Talking is a highly complicated motor and conceptual activity. To form words and sentences, children need to organize sounds and words into sequences and then coordinate the movements of their mouth (or hands in the case of sign language) to express their ideas. Children with language disorders have difficulty with many parts of this process. Language disorders affect more children than autism spectrum disorders, and Goffman said these children — who have poorer academic and social outcomes than their peers — are often under the radar.

Researchers and clinicians do not clearly understand why these children have difficulties, or how to best help them.

Goffman has spent more than two decades studying this intersection of motor and language development in children.

“All forms of language production — including speaking, gesturing and writing — are complicated motor activities,” said Goffman, who studies speech and language as action. “We are interested in how complex and sequentially organized movements develop in young language learners and, more critically, what can go awry in children with speech and language disorders. We have found that difficulties in sequential learning may be a critical factor that explains some of the challenges children with language disorders have in understanding and expressing language.”

Goffman received her bachelor’s, master’s and doctoral degrees at Purdue University.
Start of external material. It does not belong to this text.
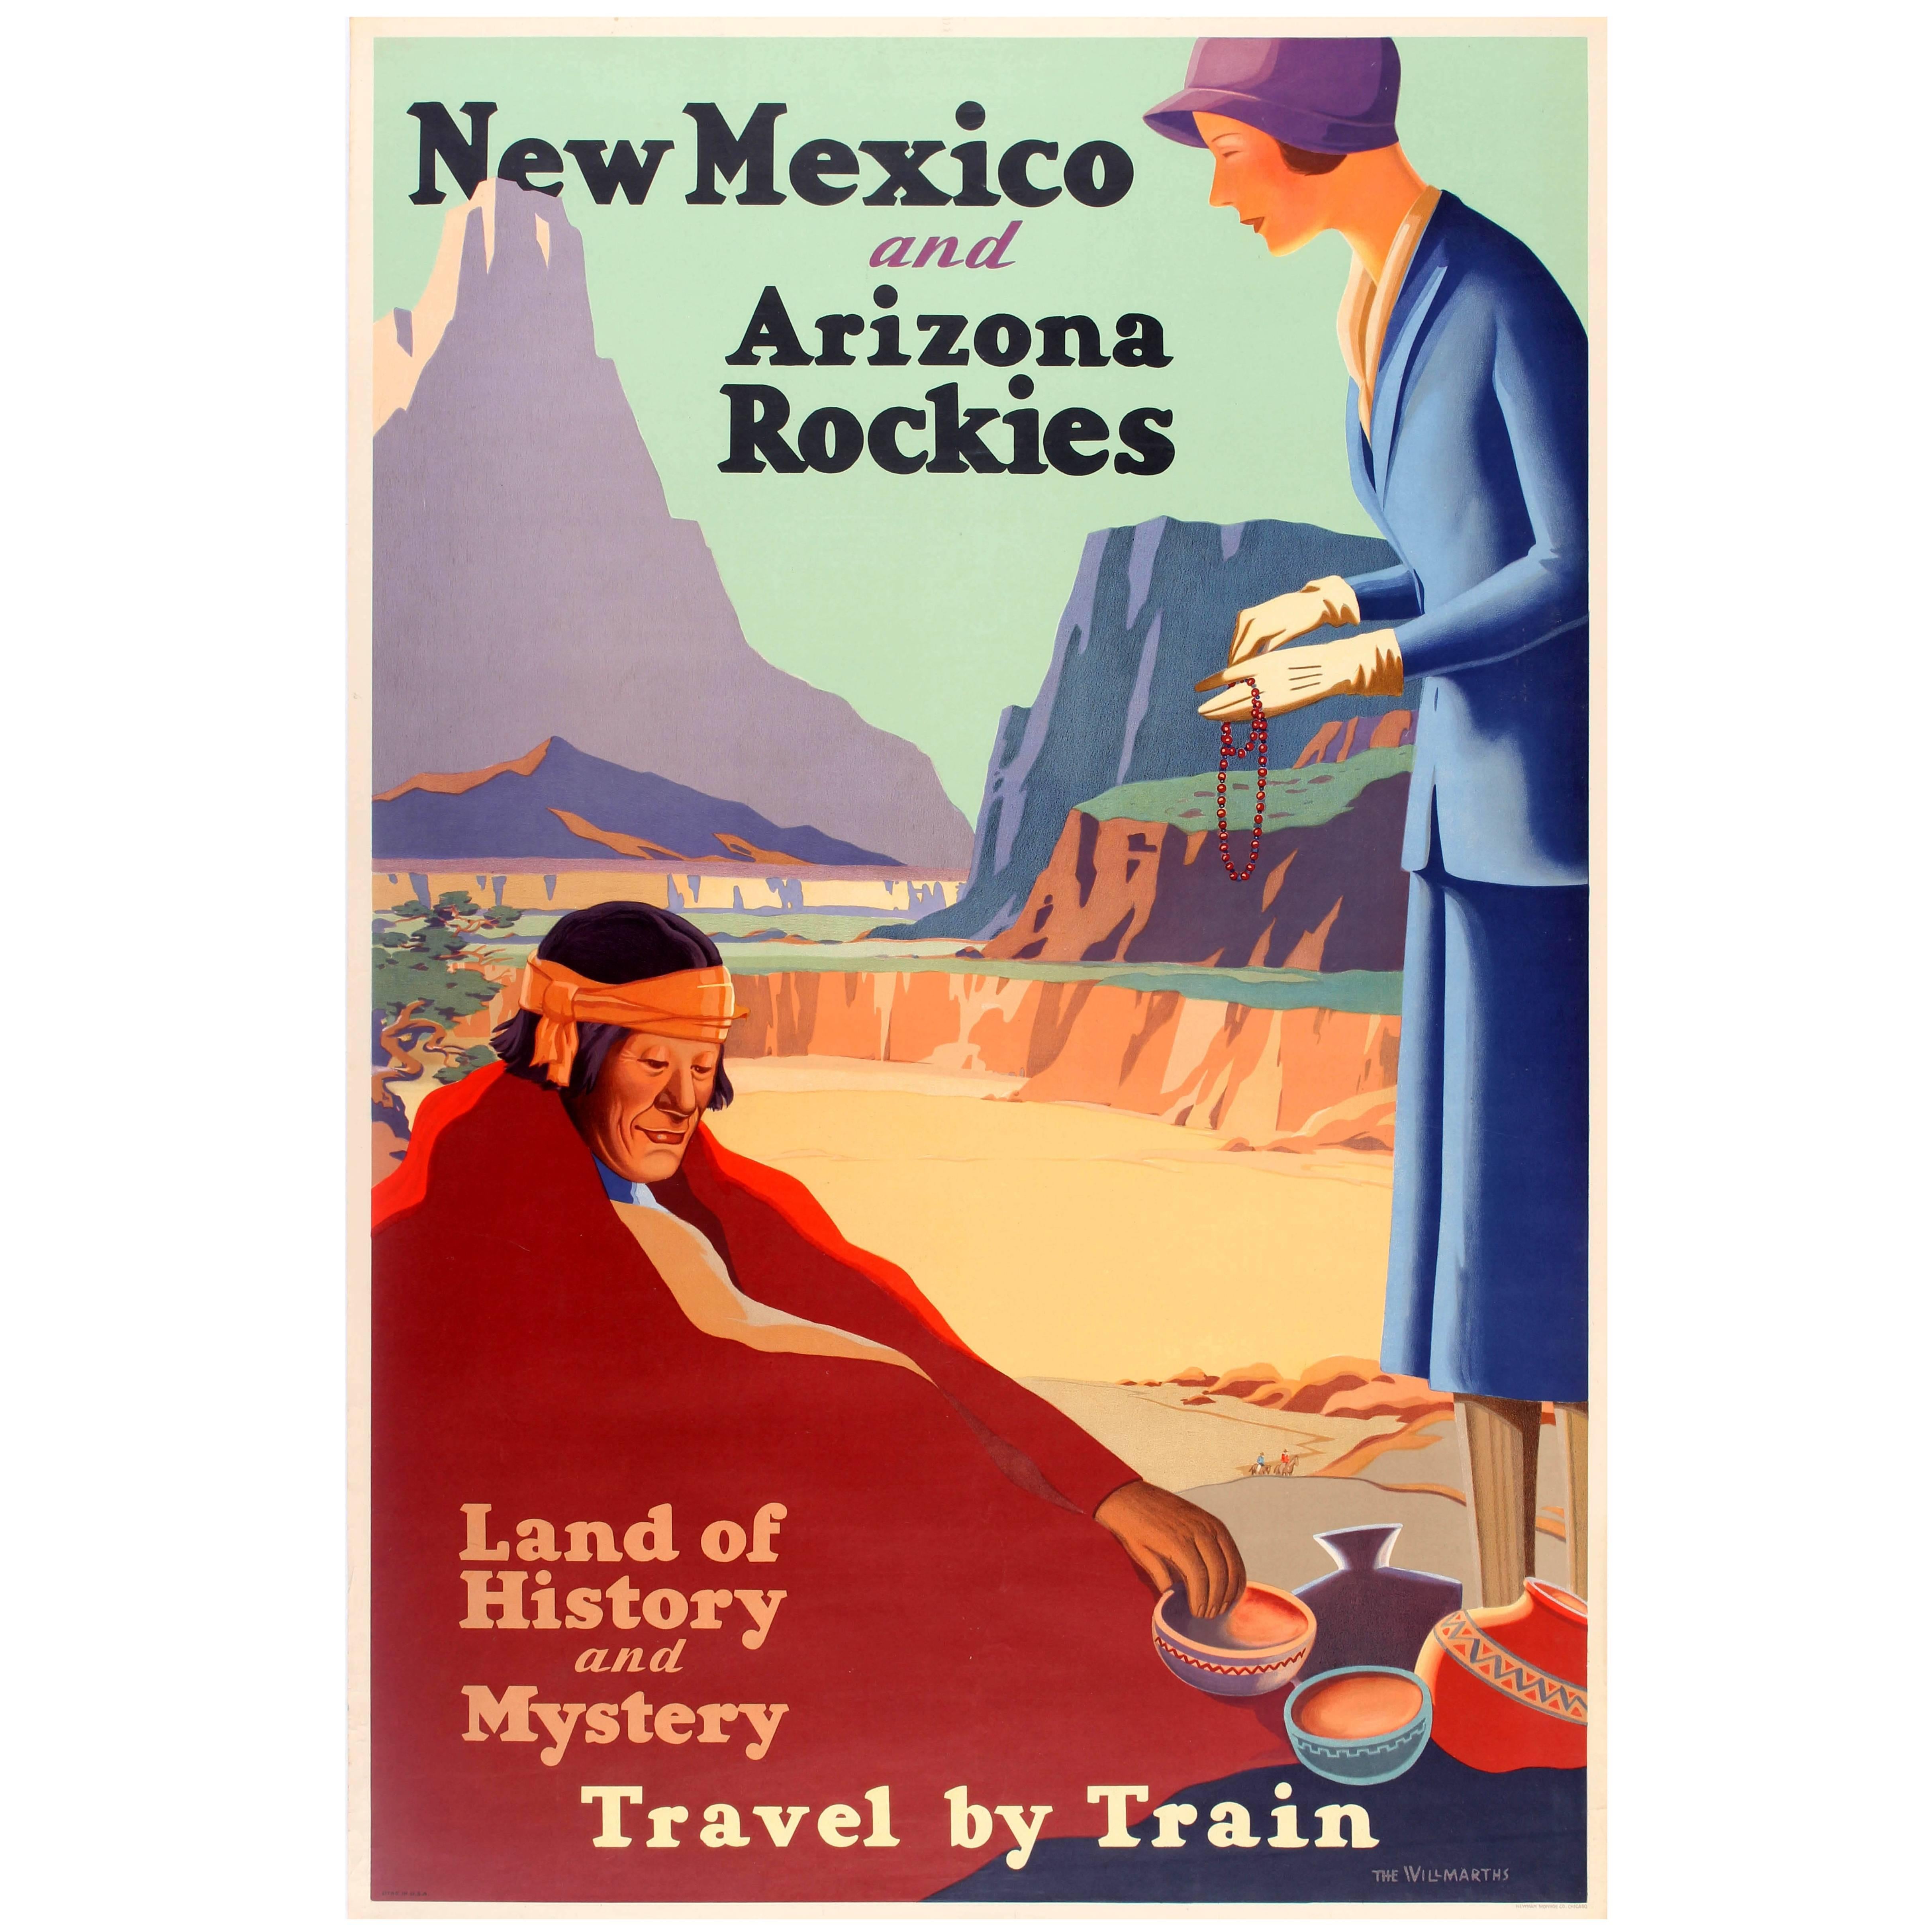 Original 1920s Travel Poster Advertising New Mexico and Arizona Rockies by Train

After earning her clinical masters in speech language pathology, Goffman worked in Chicago with infants, toddlers and their families at an interdisciplinary early intervention center. “It gave me the opportunity to look at a child and a family from many perspectives,” she said. Through this experience, she developed ideas about the field, gaps in the literature and frustrations of interdisciplinary clinical practice without a research base.
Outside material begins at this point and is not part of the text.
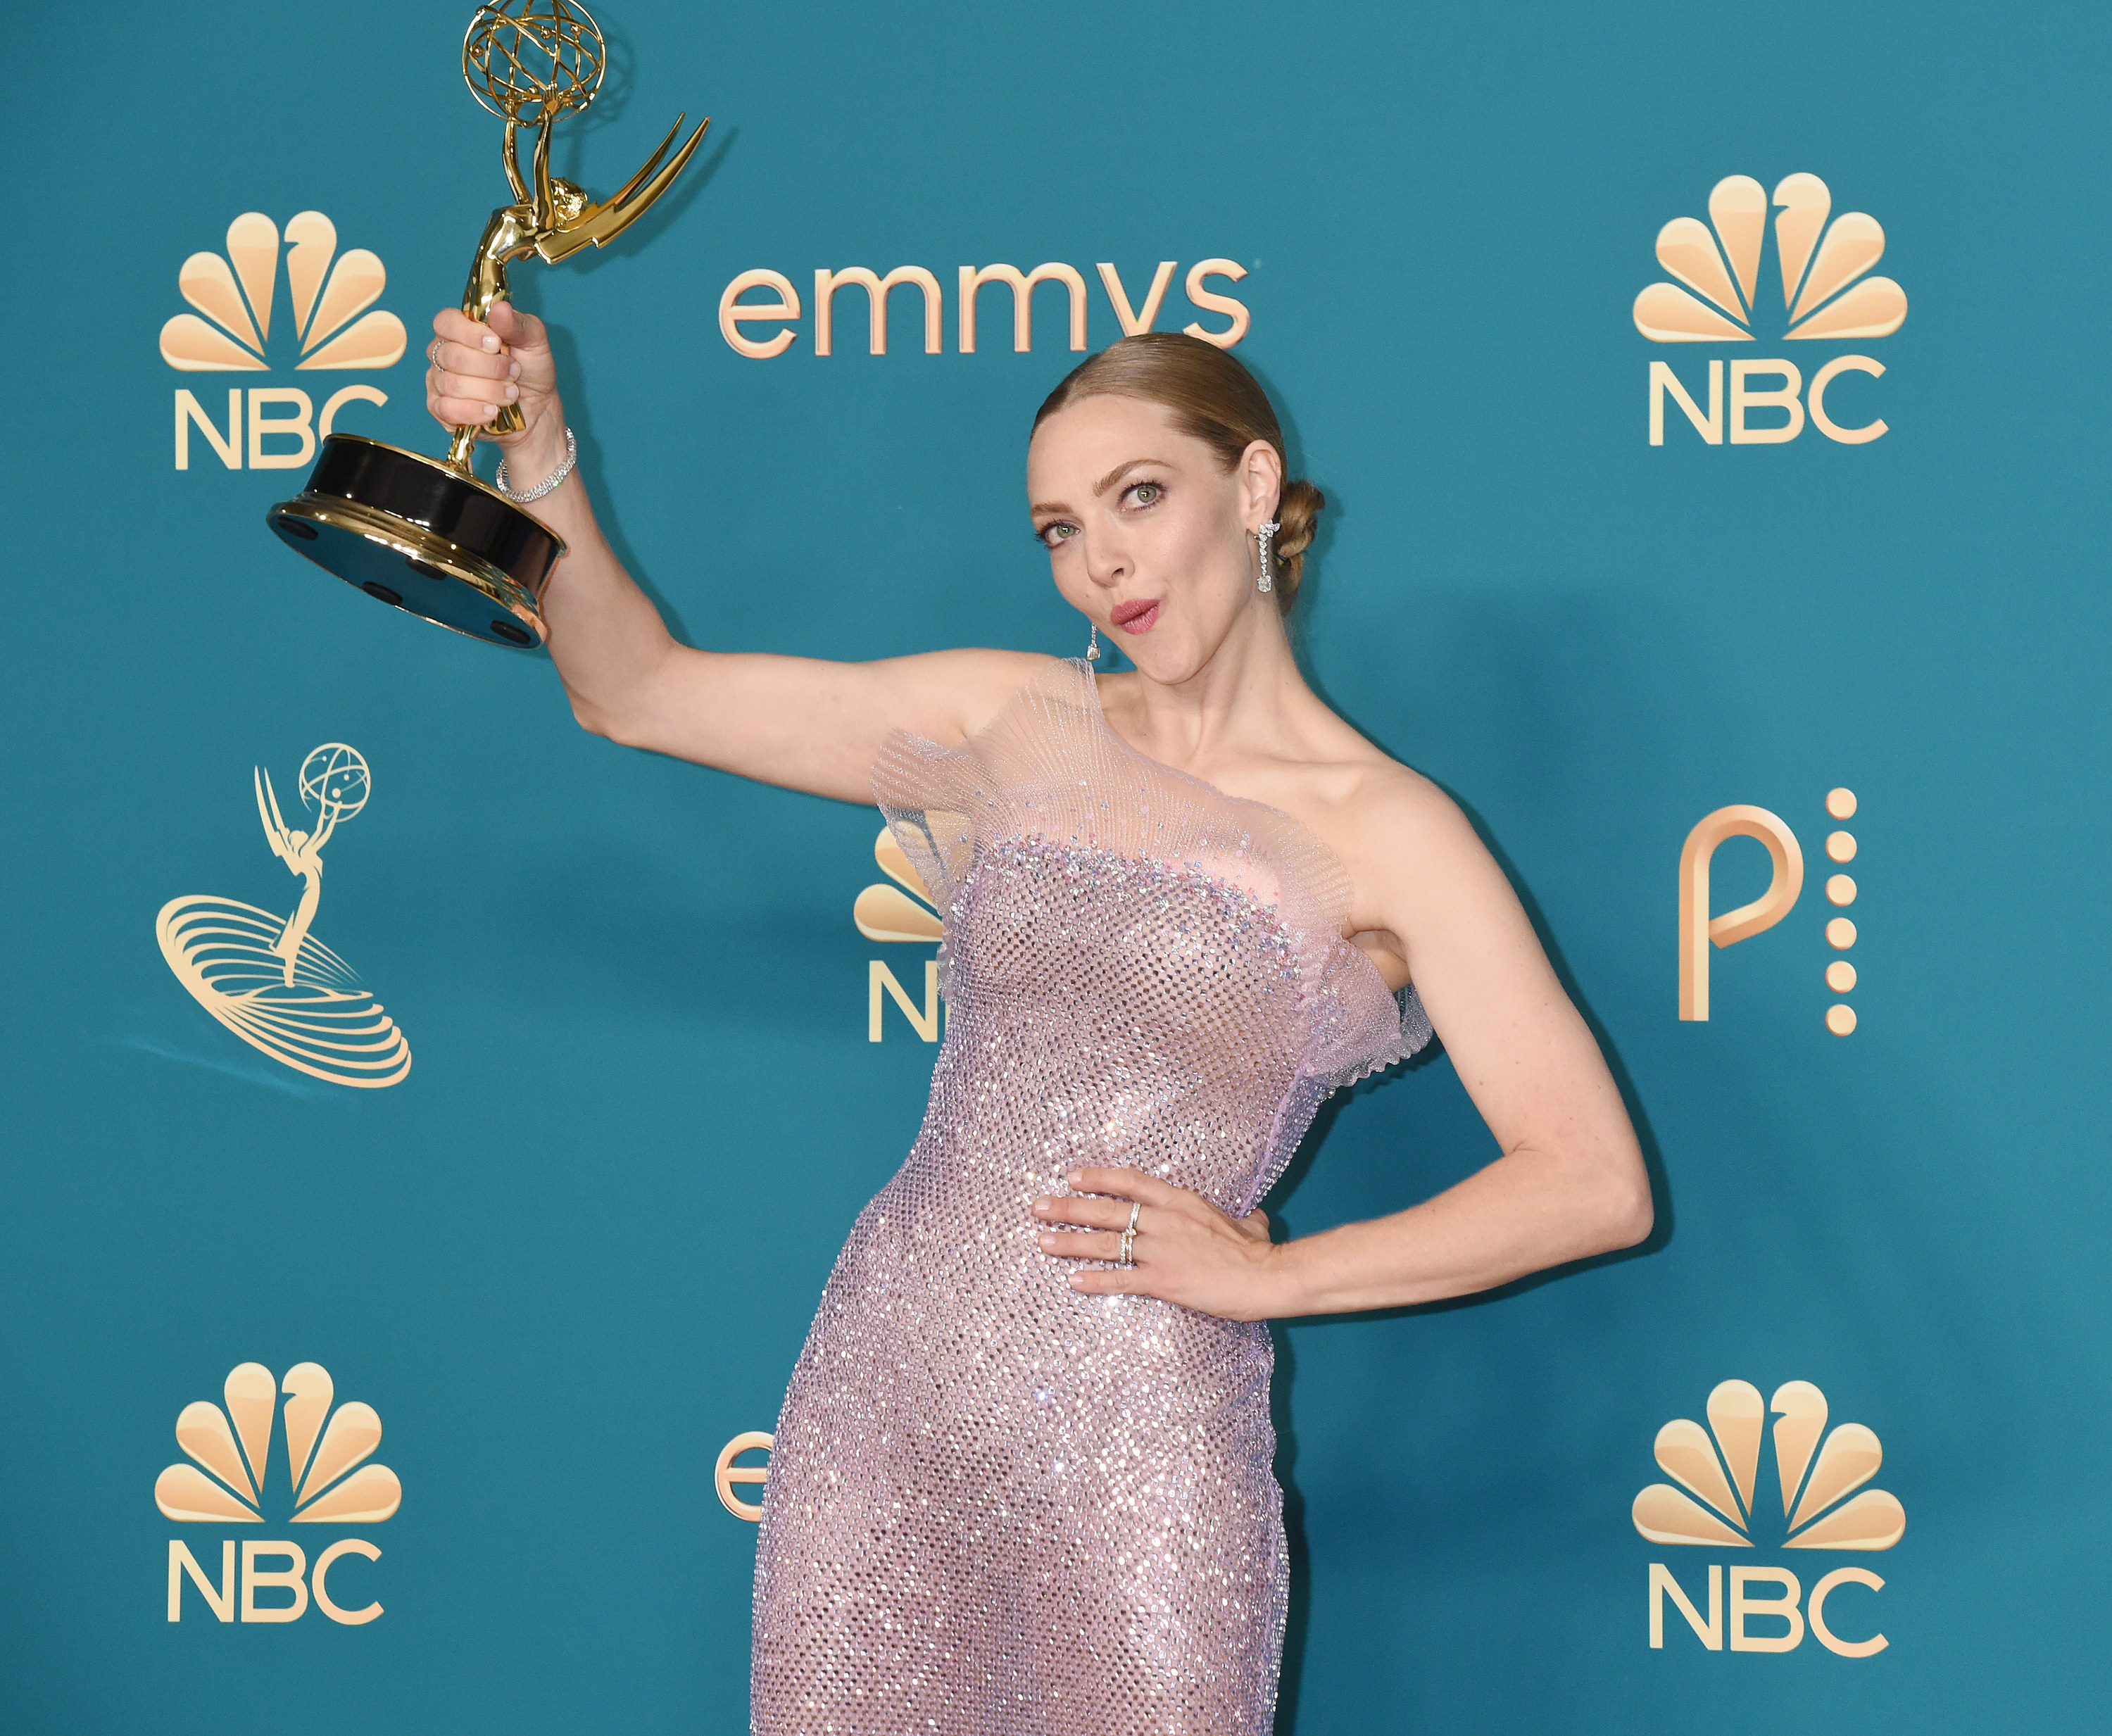 Amanda wearing a glittering sleeveless bodycon dress in a pale lilac color, holding her Emmy victoriously; her blonde hair is tied back in a bun and she wears silver drop earrings

Following her time working as a clinician, and having noted some problems she wanted to understand, Goffman returned to school for her PhD to study the interface between motor and language development. She was mentored by a language researcher and a speech physiologist, and learned both linguistic and physiologic methodologies to studying early speech and language development. This focus set Goffman on the trajectory she continues today, linking motor and language to development and disorders.

After she earned her PhD in speech, language, and hearing sciences, Goffman joined the faculty at Purdue where she worked for 21 years. Goffman joined UT Dallas this January.
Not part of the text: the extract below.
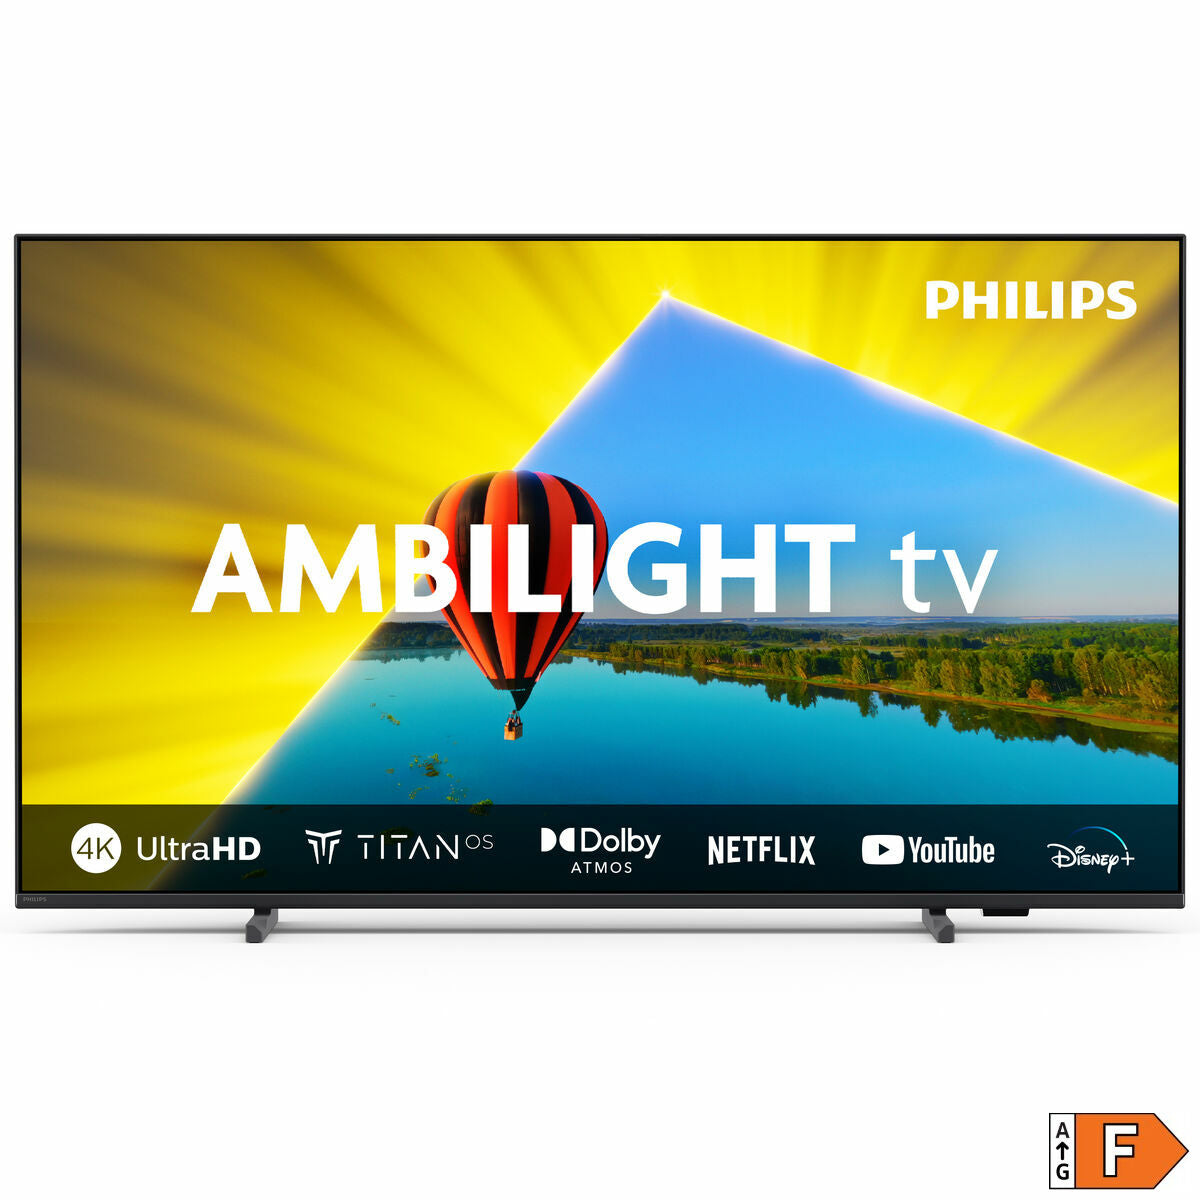 Smart TV Philips 50PUS8079 4K Ultra HD 50" LED, Philips, Electronics, TV, Video and home cinema, smart-tv-philips-50pus8079-4k-ultra-hd-50-led, Brand_Philips, category-reference-2609, category-reference-2625, category-reference-2931, category-reference-t-18805, category-reference-t-18827, category-reference-t-19653, cinema and television, Condition_NEW, entertainment, Price_400 - 500, RiotNook

“There were some special things that drew me to this program. UT Dallas and the Callier Center for Communication Disorders have outstanding researchers and clinicians in the two domains that I specialize in, which are child language disorders and speech motor control. Callier is an extraordinary environment to conduct clinically motivated research in speech and language disorders” she said.

Goffman also noted the clinical programs at the Callier Center are large and very engaged in research.

“Having the clinical programs aligned with the research has amazing potential to dramatically change how we are assessing and, more importantly, how we are treating children with language learning disorders. It was this combination that brought me here to the Callier Center,” she said.

Starting in the fall semester, Goffman will teach a graduate course on early speech motor and feeding development, and an assessment and intervention course in the area of language disorders, among other topics. She is a fellow of the American Speech, Language and Hearing Association and serves as a grant reviewer and chair for the National Institutes of Health. In addition, she has been a journal editor and twice has received the editor’s award from the Journal of Speech, Language, and Hearing Research.